Calibrated Language Models Must Hallucinate

Recent language models generate false but plausible-sounding text with surprising frequency. Such "hallucinations" are an obstacle to the usability of language-based AI systems and can harm people who rely upon their outputs. This work shows shows that there is an inherent statistical lower-bound on the rate that pretrained language models hallucinate certain types of facts, having nothing to do with the transformer LM architecture or data quality. For "arbitrary" facts whose veracity cannot be determined from the training data, we show that hallucinations must occur at a certain rate for language models that satisfy a statistical calibration condition appropriate for generative language models. Specifically, if the maximum probability of any fact is bounded, we show that the probability of generating a hallucination is close to the fraction of facts that occur exactly once in the training data (a "Good-Turing" estimate), even assuming ideal training data without errors. One conclusion is that models pretrained to be sufficiently good predictors (i.e., calibrated) may require post-training to mitigate hallucinations on the type of arbitrary facts that tend to appear once in the training set. However, our analysis also suggests that there is no statistical reason that pretraining will lead to hallucination on facts that tend to appear more than once in the training data (like references to publications such as articles and books, whose hallucinations have been particularly notable and problematic) or on systematic facts (like arithmetic calculations). Therefore, different architectures and learning algorithms may mitigate these latter types of hallucinations.

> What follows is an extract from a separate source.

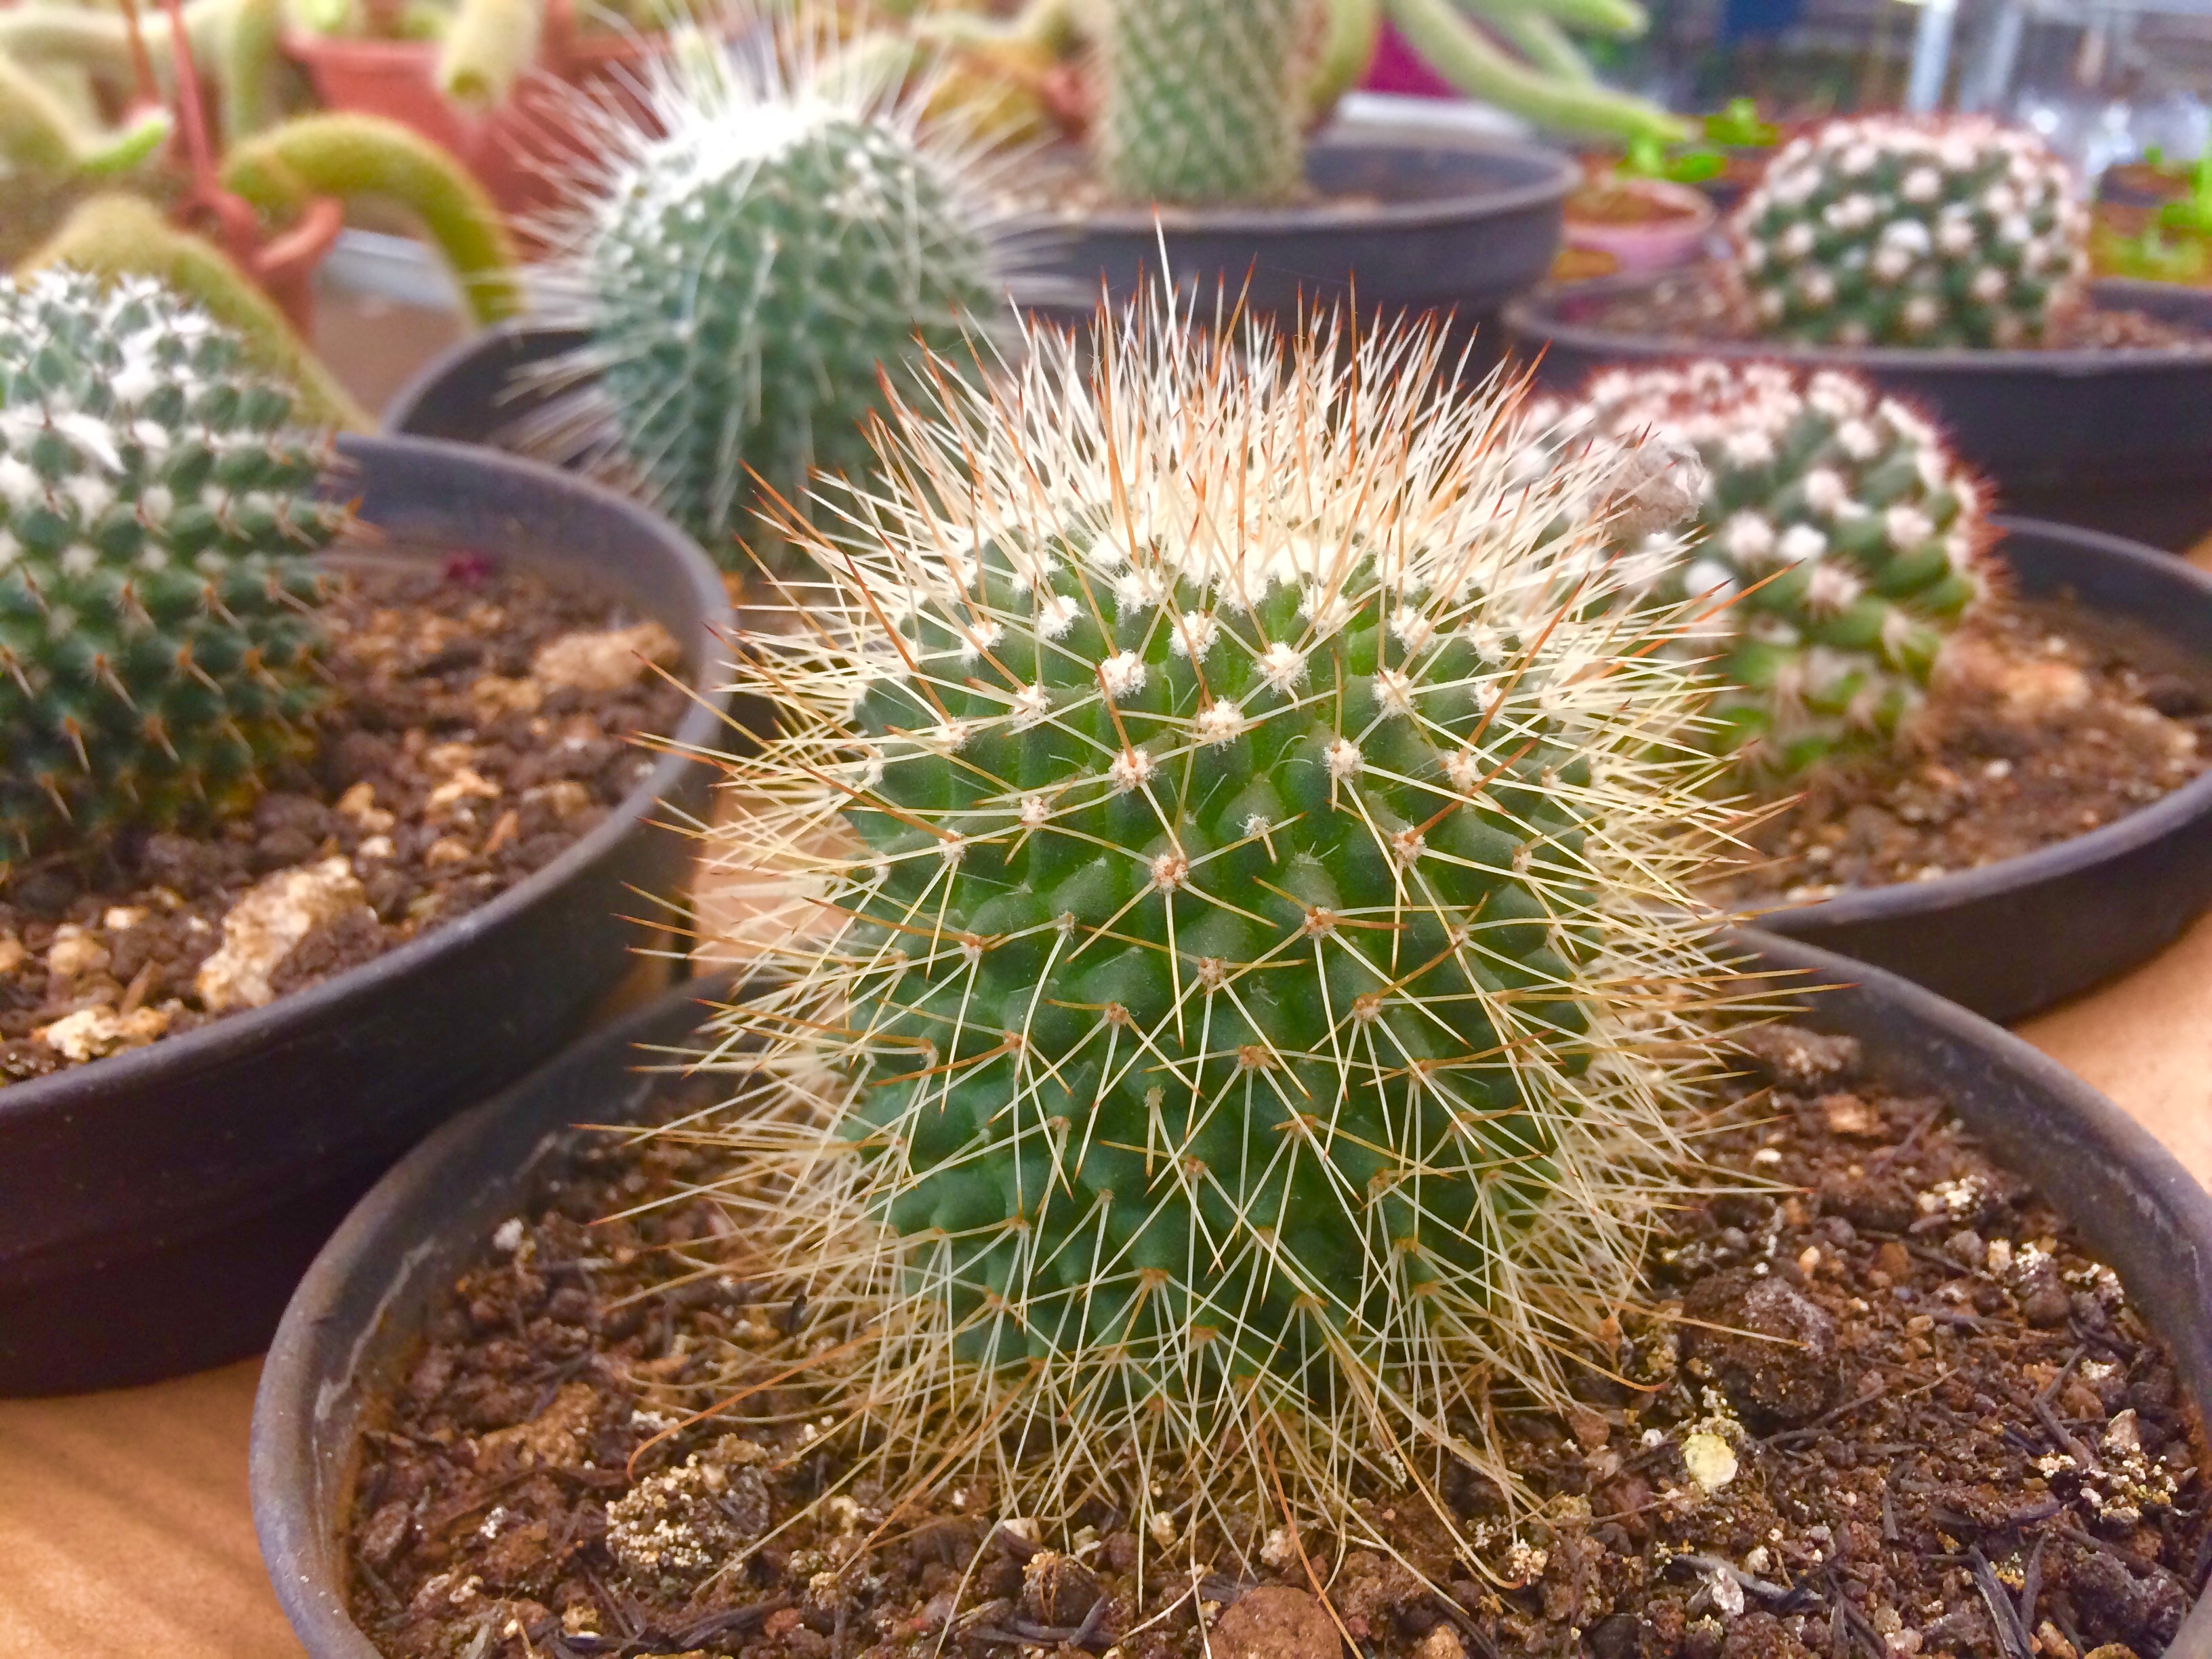 Típicos de regiões áridas, os cactus estão em ascensão nesta primavera

翻译：近期语言模型生成虚假但听起来可信的文本，其发生频率惊人。这类"幻觉"现象阻碍了基于语言的人工智能系统的可用性，并可能对依赖其输出的人群造成伤害。本研究证明，预训练语言模型对特定类型事实的幻觉发生率存在固有统计下限，这与Transformer语言模型架构或数据质量无关。针对训练数据无法验证其真实性的"任意"事实，我们证明：满足生成式语言模型统计校准条件的语言模型，必然以特定概率产生幻觉。具体而言，当任意事实的最大概率存在上界时，即便在理想无误差训练数据条件下，生成幻觉的概率仍接近训练数据中仅出现一次的事实占比（即Good-Turing估计值）。研究结论之一是：经过充分预训练成为良好预测器（即校准模型）可能需要后训练处理，以减轻关于训练集中仅出现一次的任意事实的幻觉。然而，我们的分析同时表明：对于在训练数据中多次出现的事实（如书籍、文章等参考文献的引用——这类幻觉尤为显著且问题突出）或系统性事实（如算术计算），预训练过程并无统计学必然导致幻觉。因此，采用不同的架构与学习算法或可缓解后两类幻觉。